When first visited by white men, and for many years afterwards, the
Falls of St. Anthony (by them called the Ha-Ha) was the center of their
country. They cultivated tobacco, and hunted the elk, the beaver and
the bison. They were open-hearted, truthful and brave. In their wars
with other tribes they seldom slew women or children, and rarely
sacrificed the lives of their prisoners.

For many years their chiefs and head men successfully resisted the
attempts to introduce spirituous liquors among them.
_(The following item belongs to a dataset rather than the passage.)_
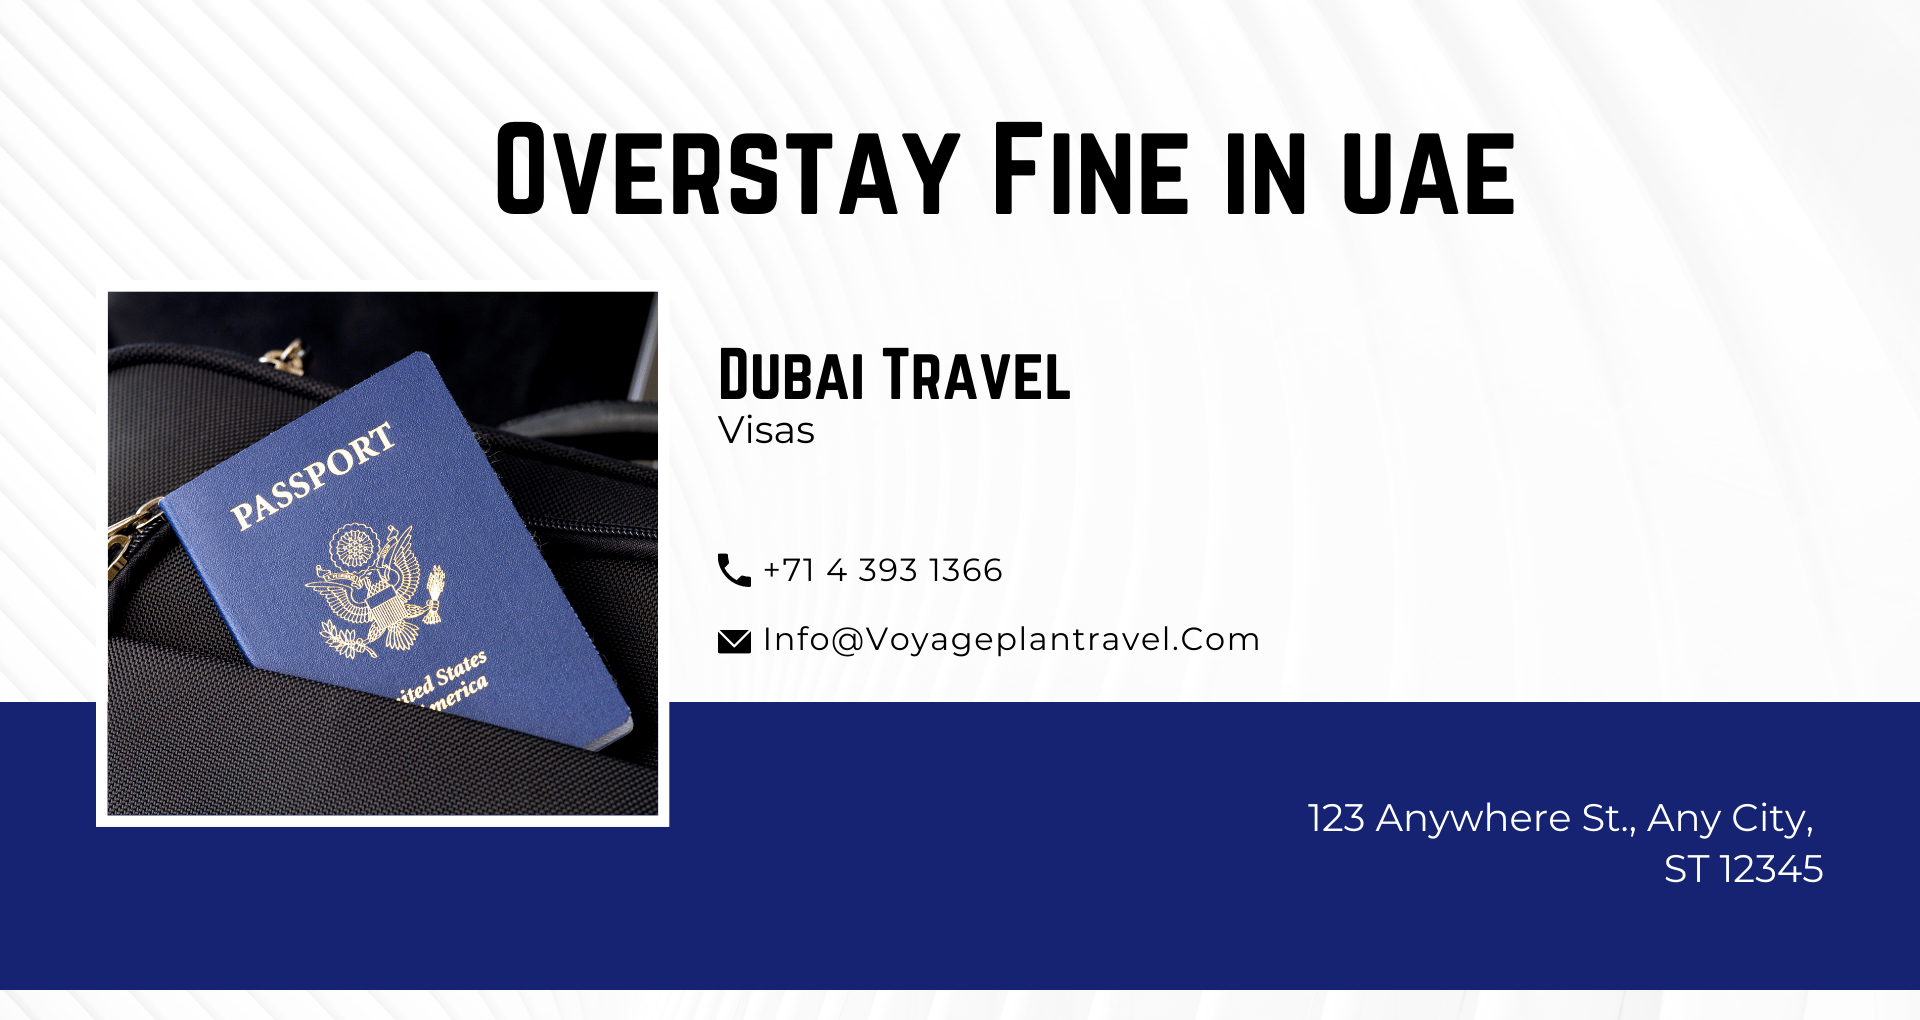 How to check to overstay fine in UAE

More than a century
ago an English trader was killed at Mendota, because he persisted,
after repeated warnings by the chiefs, in dealing out _mini-wakan_
(Devil-water) to the Dakota braves.

With open arms and generous hospitality they welcomed the first white
men to their land; and were ever faithful in their friendship, till
years of wrong and robbery, and want and insult, drove them to desperation
and to war. They were barbarians, and their warfare was barbarous,
but not more barbarous than the warfare of our Saxon and Celtic ancestors.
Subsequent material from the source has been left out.